So we have nine Houses (well, eight not counting the Emperor's House
which isn't involved), two people each – that's sixteen people to keep
track of, plus a few more incidentals, and that can be quite hard work
at times. Yes, there's a dram. pers. at the front, but when the same
character can be referred to as Palamedes, Pal, Sextus, or Warden I
did sometimes find myself floundering a bit. About the half-way mark
I'd got them all sorted out, by which time of course the dying had
started… and there's rather a lot of dying.

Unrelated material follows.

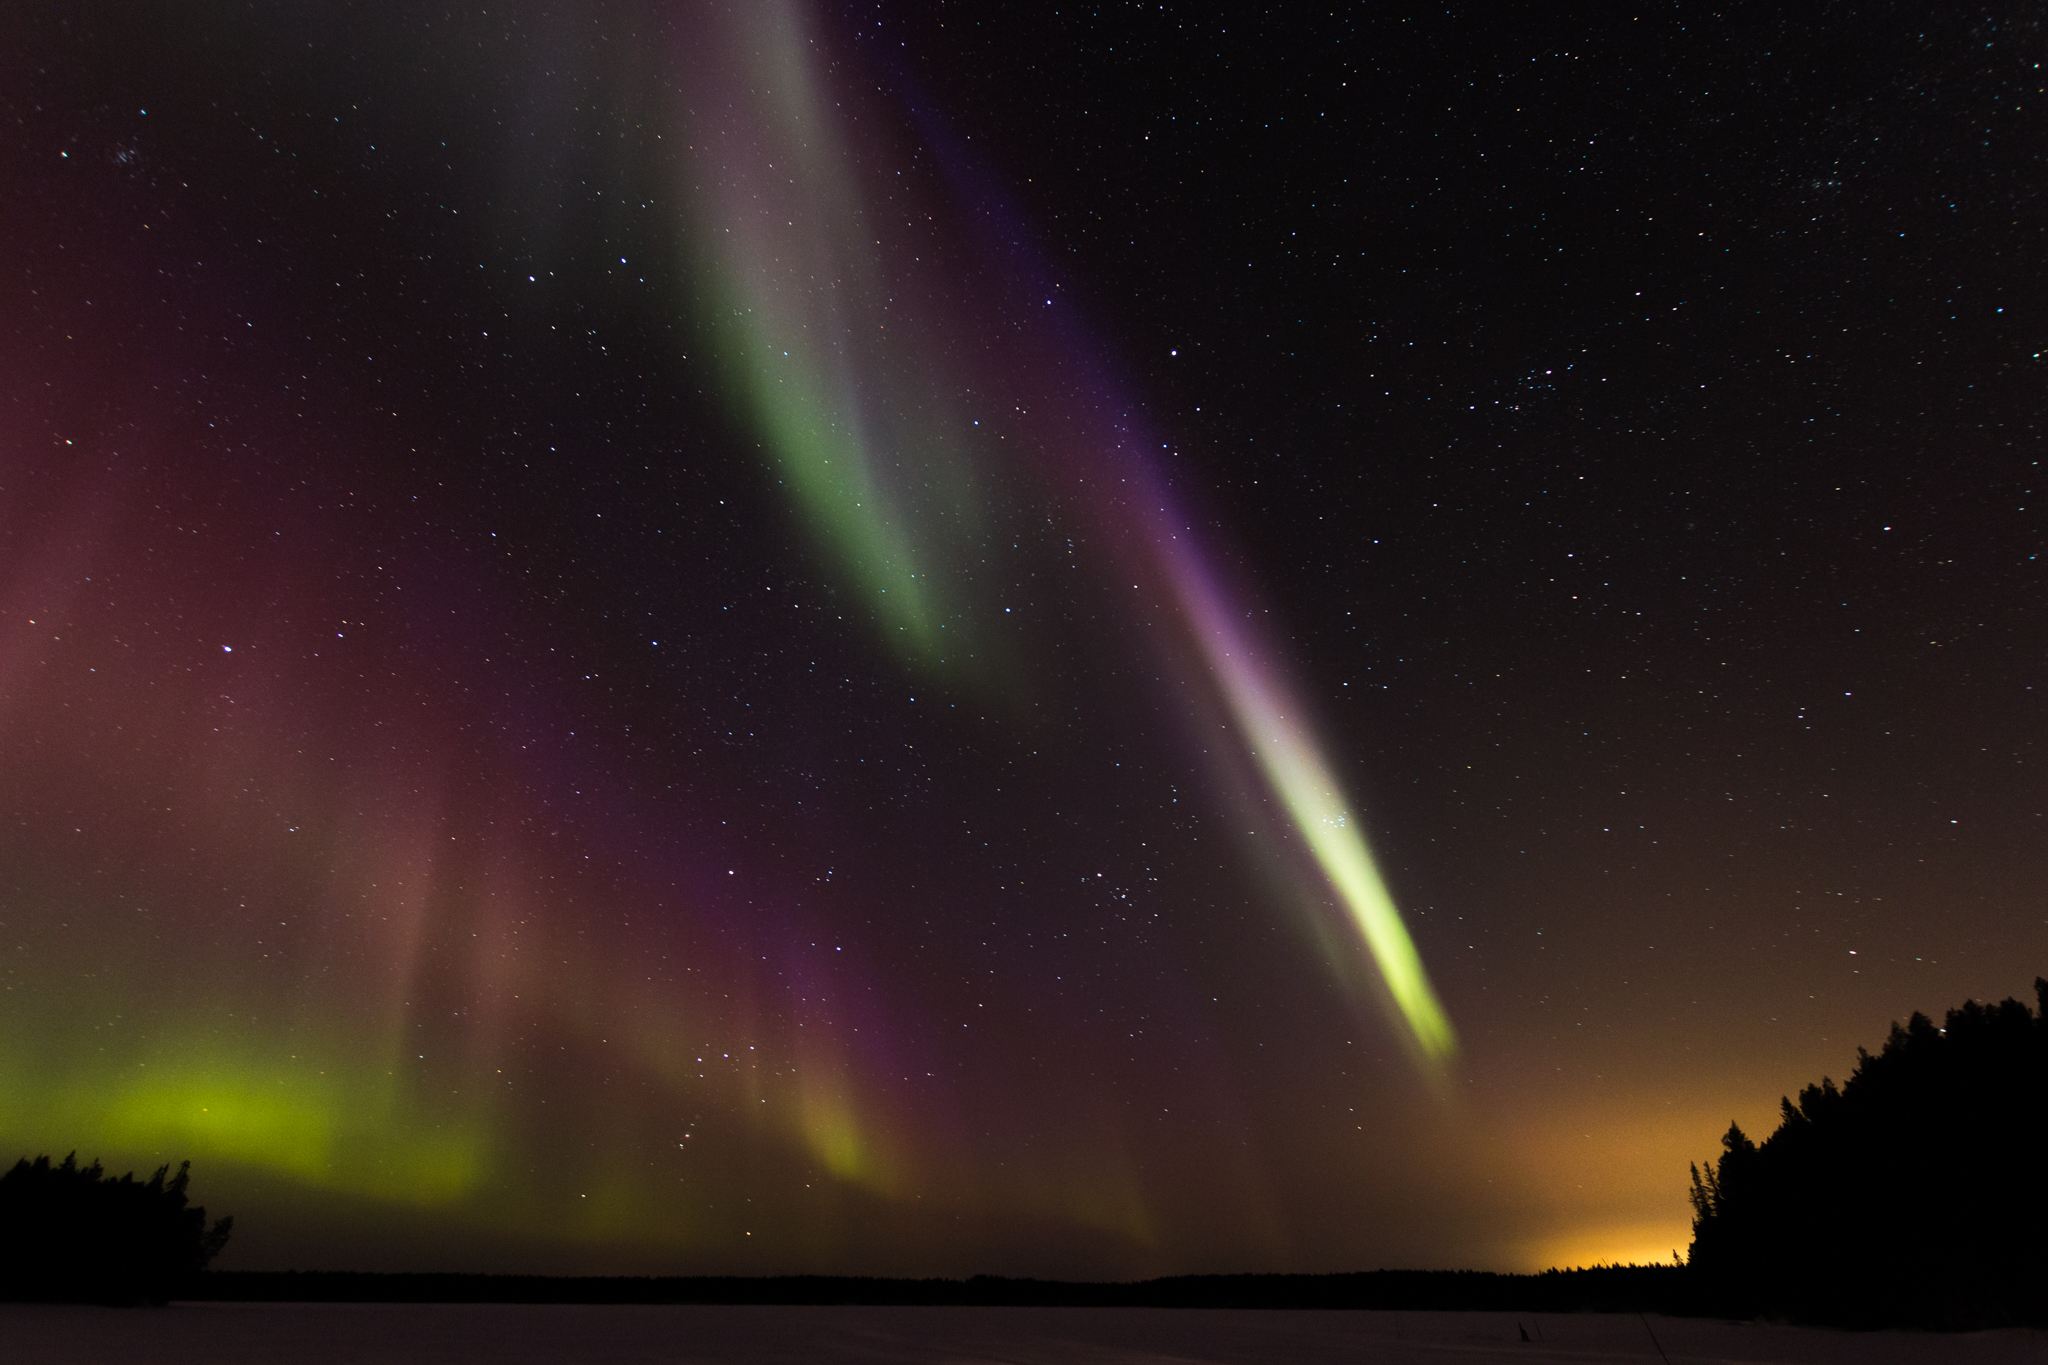 Northern Lights seen from Ollilian Lomamajat, Finland
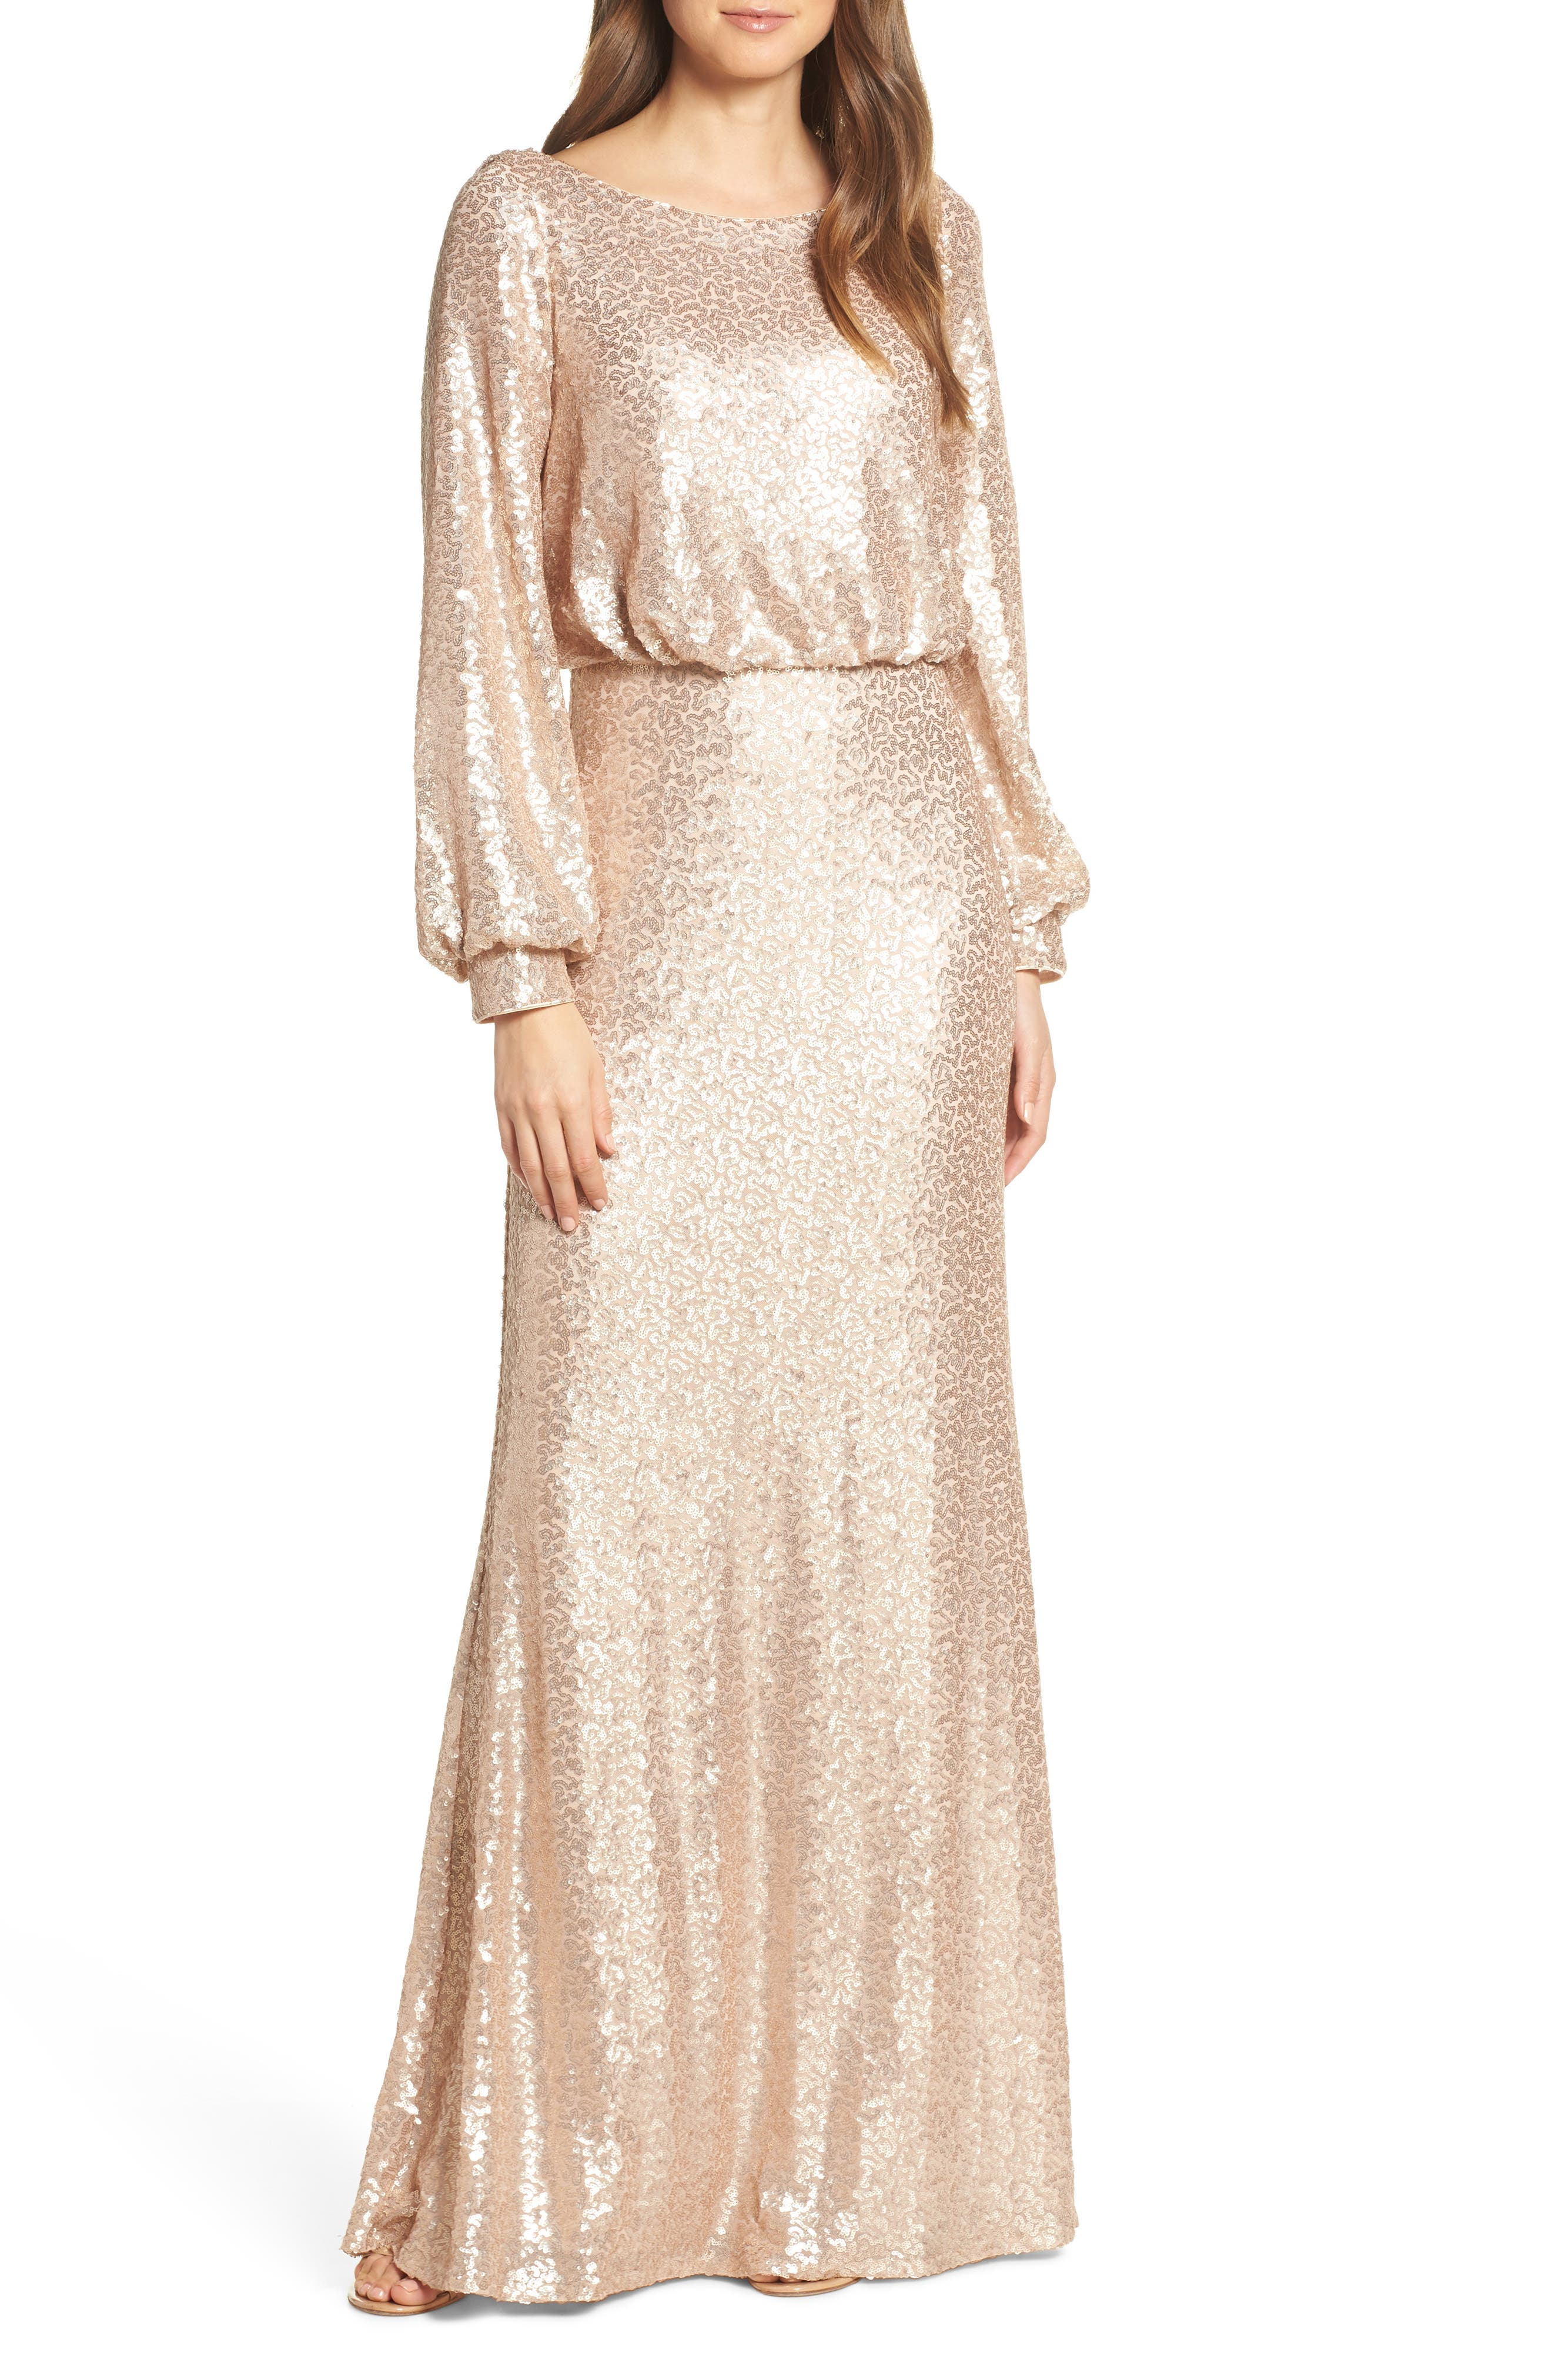 Tadashi Shoji Blouson Long Sleeve Sequin Evening Dress, Beige

Not quite a gothic And
Then There Were None, but it comes close.
That first half is also rather longer than it might have been, Let's
wallow in the decay, by all means, but considering how the pace is
ramped up once things do actually start to happen, it's a shame it had
to have such a thin start.
"He say anything?"
Gideon wavered. "He said to tell you he loved you," she said.
"What? No, he didn't."
"Okay, no, sorry. He said—he said you knew what to do?"
But in the end the only thing that really fails for me is that there
isn't much of a conclusion; the immediate fight may have been won, but
the status of lots of people is still uncertain; To Be Continued. Oh
well; for that reason alone this wouldn't have garnered a Hugo
nomination from me even if I'd read it before the deadline. Otherwise
I might have put it above Ancestral Night, but to me a Hugo book
shouldn't just be a well-worn story form told well; it should do
something truly distinctive and original within the genre. Of the four
Hugo-nominated novels I've read at this point, I'd put it last if I
were voting.
But just because I don't think it's a good Hugo book doesn't mean I
don't think it's a good book. It is, particularly once you unstick
yourself from the slow start; it's a pleasure to read, and I enjoyed
it more than I did A Memory Called Empire. This is a book I keep
wanting to rave about to my friends, and the only other Hugo-candidate
like that this year was The Future of Another Timeline. I'll keep
reading the series. (The next volume of which has been pushed back to
August.)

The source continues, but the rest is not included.